Though exhausting, you will not regret it once you are rewarded with the breathtaking sight, and welcomed not only by the cooler temperature but also the warm hellos of the natives. It is also surprising to learn that they are very fluent in English. An aged native carrying her granddaughter on her back shared that they learned English from the foreigners who visited the place.
Beyond the greens of Banaue are the Ifugao — the people who molded and cultivated the mountain with their bare hands.






3 Feedbacks on "Beyond the greens of Banaue"
nina simon
It is really not that surprising to know that they know a language that we think they would know. I have relatives in the north so I know that they had to learn english before they learned tagalog or filipino in order to communicate with people who do not speak their dialect.
i remember that the terraces was supposed to be a world wonder but i don’t know what happened. it’s too bad it wasn’t.
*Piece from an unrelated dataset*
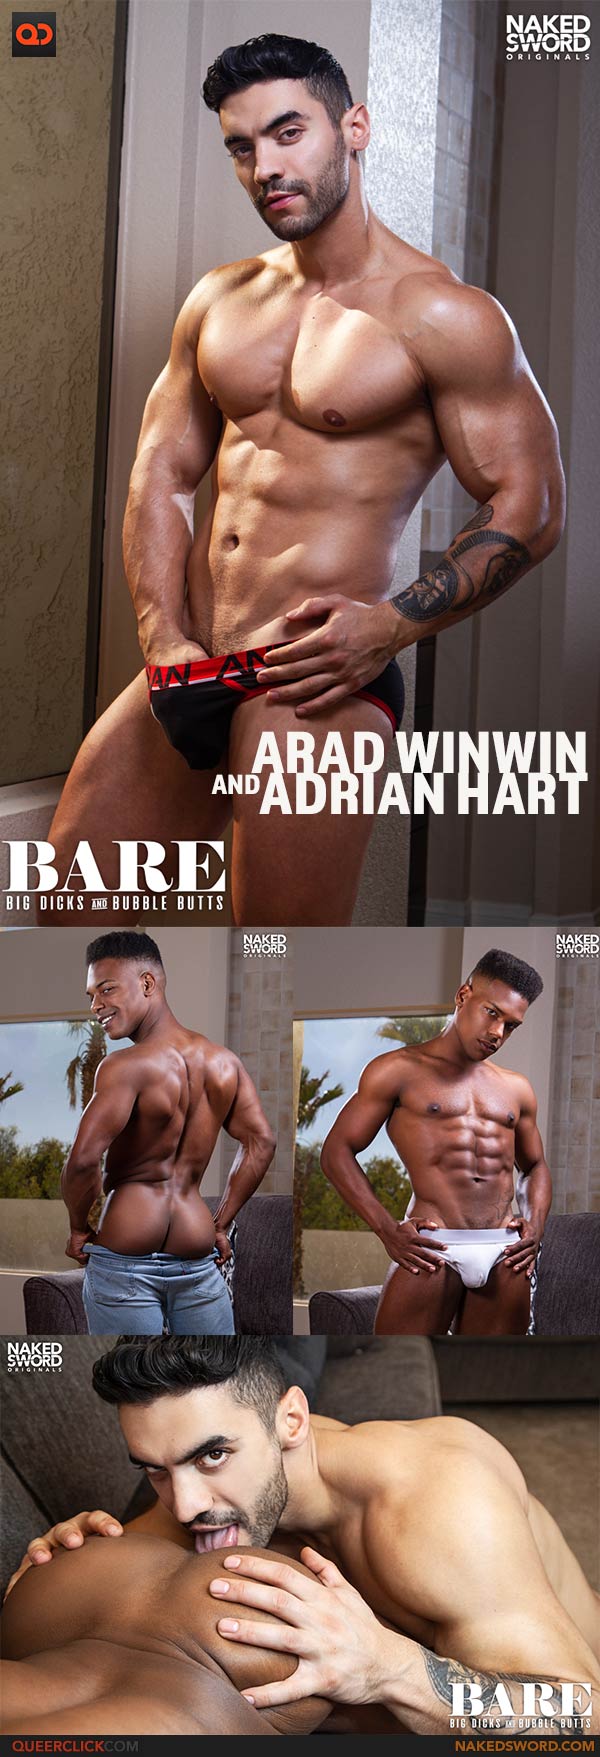 NakedSword: Arad Winwin and Adrian Hart

and the fact that we have rice problems is a little ironic for a country that is known to be agricultural and with a place like this, we should be more appreciative not only of the sights but also about what they represent to us and to the world.
Jakbkk
Northern people (including people from Baguio) have a better grasp of the English language than lowlanders. you can hear people speaking in English in Baguio more than you would in Manila.
coffeeprincess
During my last semester in college, I had the chance to visit this place but I backed out ‘coz I had to finish my baby thesis. After reading this entry, I know I just missed a very precious opportunity to see such a lovely place.